RLE-Foundation / RLeXplore

RLeXplore provides stable baselines of exploration methods in reinforcement learning, such as intrinsic curiosity module (ICM), random network distillation (RND) and rewarding impact-driven exploration (RIDE).
https://docs.rllte.dev/
MIT License
348 stars 16 forks source link

Problems with action spaces > 1 in icm #21

Open Croip3 opened 3 weeks ago

Croip3 commented 3 weeks ago

Hi, I'm trying to get RLeXplore running with SB3. All examples work, but if I try with an environment like gyms Ant (https://www.gymlibrary.dev/environments/mujoco/ant/) it crashes with the following error:

` File "/home/longarm_wsl/anaconda3/envs/metaworld3.12/lib/python3.11/site-packages/rllte/xplore/reward/icm.py", line 225, in update im_loss = (im_loss * mask).sum() / th.max(


RuntimeError: The size of tensor a (8) must match the size of tensor b (256) at non-singleton dimension 1`

![image](https://github.com/user-attachments/assets/10a7c2e9-149a-48b2-afce-5ab48564caea)
I used the code from this [example](https://github.com/RLE-Foundation/RLeXplore/blob/main/2%20rlexplore_with_sb3.ipynb) and just changed the environment to 'Ant-v4'. 
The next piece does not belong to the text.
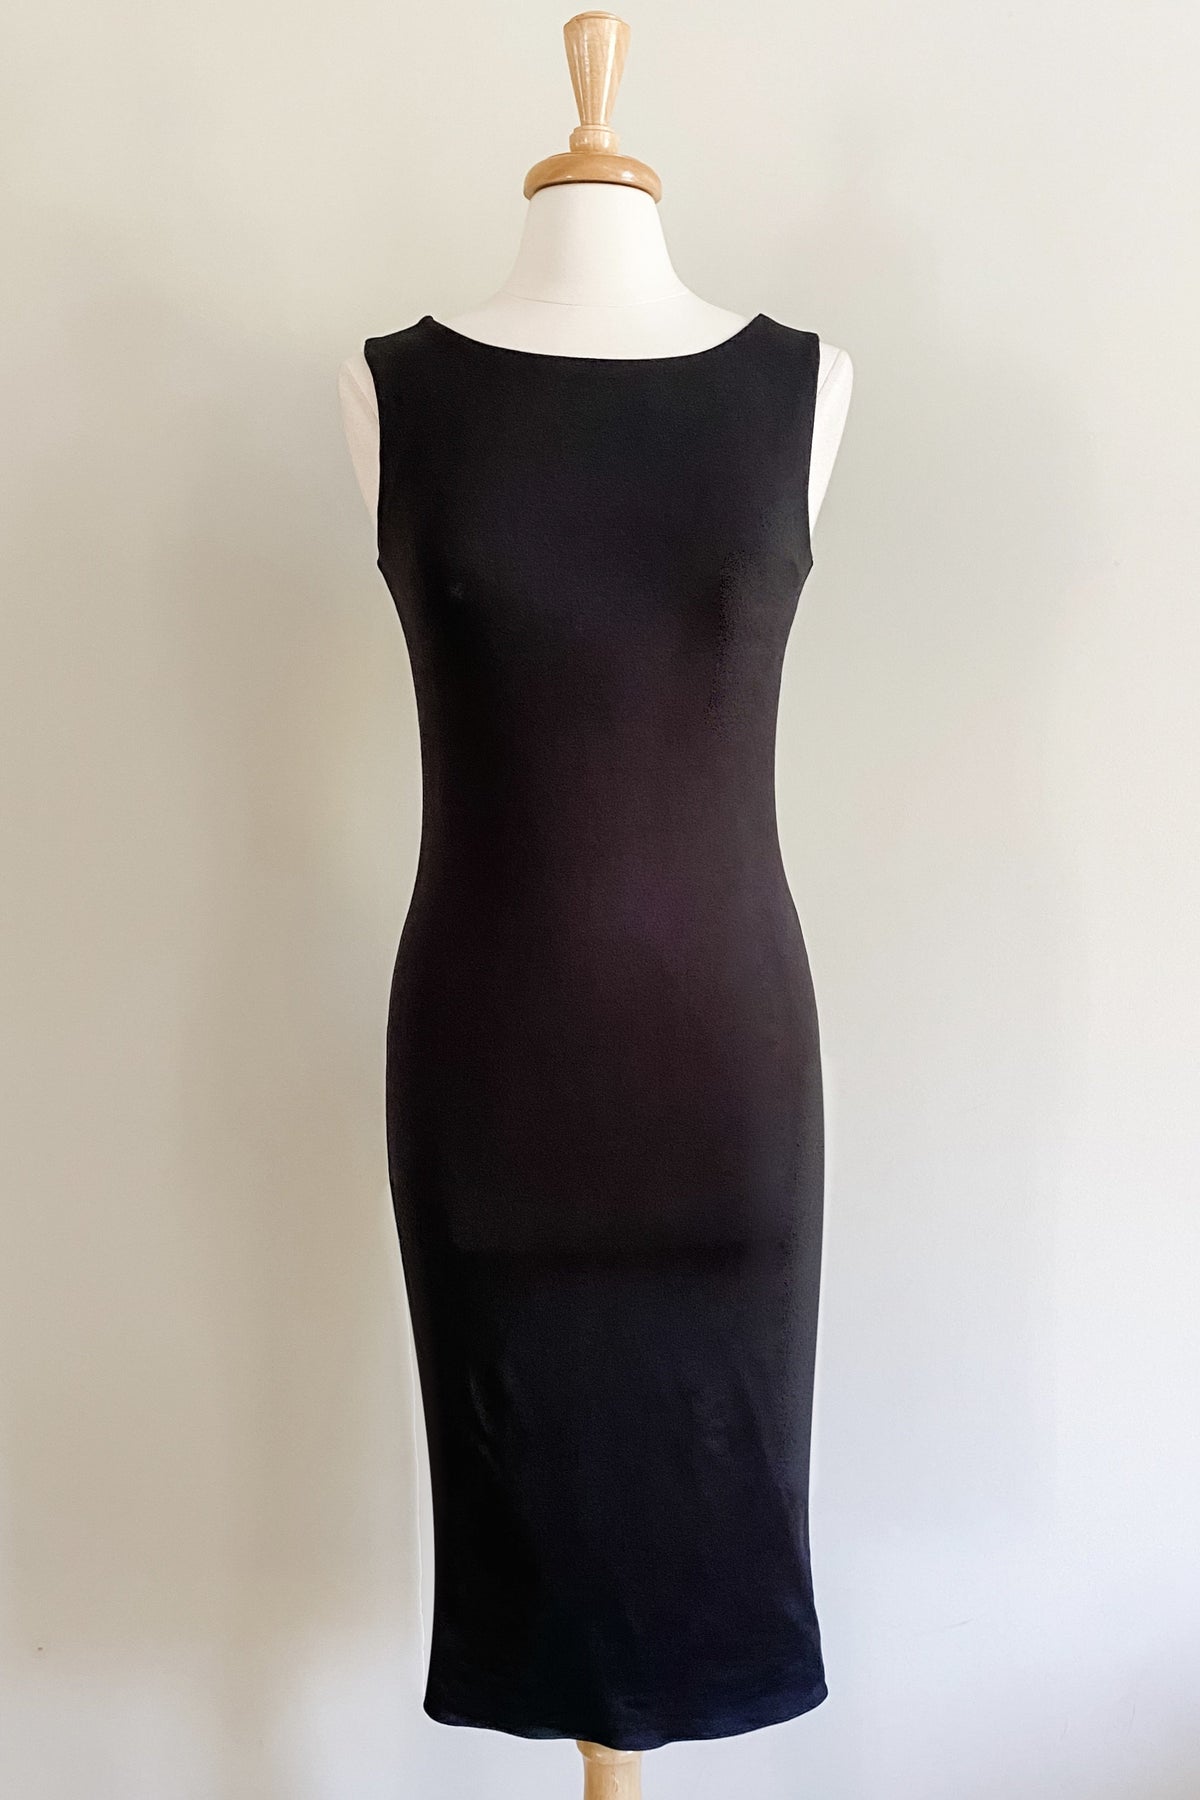 Diane Kroe Sheath Dress in Black Color

I think it has something to do with the action space in continuous environments. I also tried it with the robotics env metaworld and the error (tensor a) matches with the size of the action space. It works fine with the given env Pendulum-v1, Cart-Pole or Mountain-Car-Continuous.

Any idea if this is a bug or maybe an error on my side? I did not find any fix myself yet.
EDIT: The only "fix" I found setting the batch_size = size of action space. E.g. in metaworld die action space is 4 and it works with batch_size = 4. Of course, this is not really a fix and more like a janky workaround.
Croip3 commented 3 weeks ago

I think I found a fix, just tell me if you want to know it.

yuanmingqi commented 3 weeks ago

yes, please submit a PR on rllte, I will mark you as a contributor. Thanks!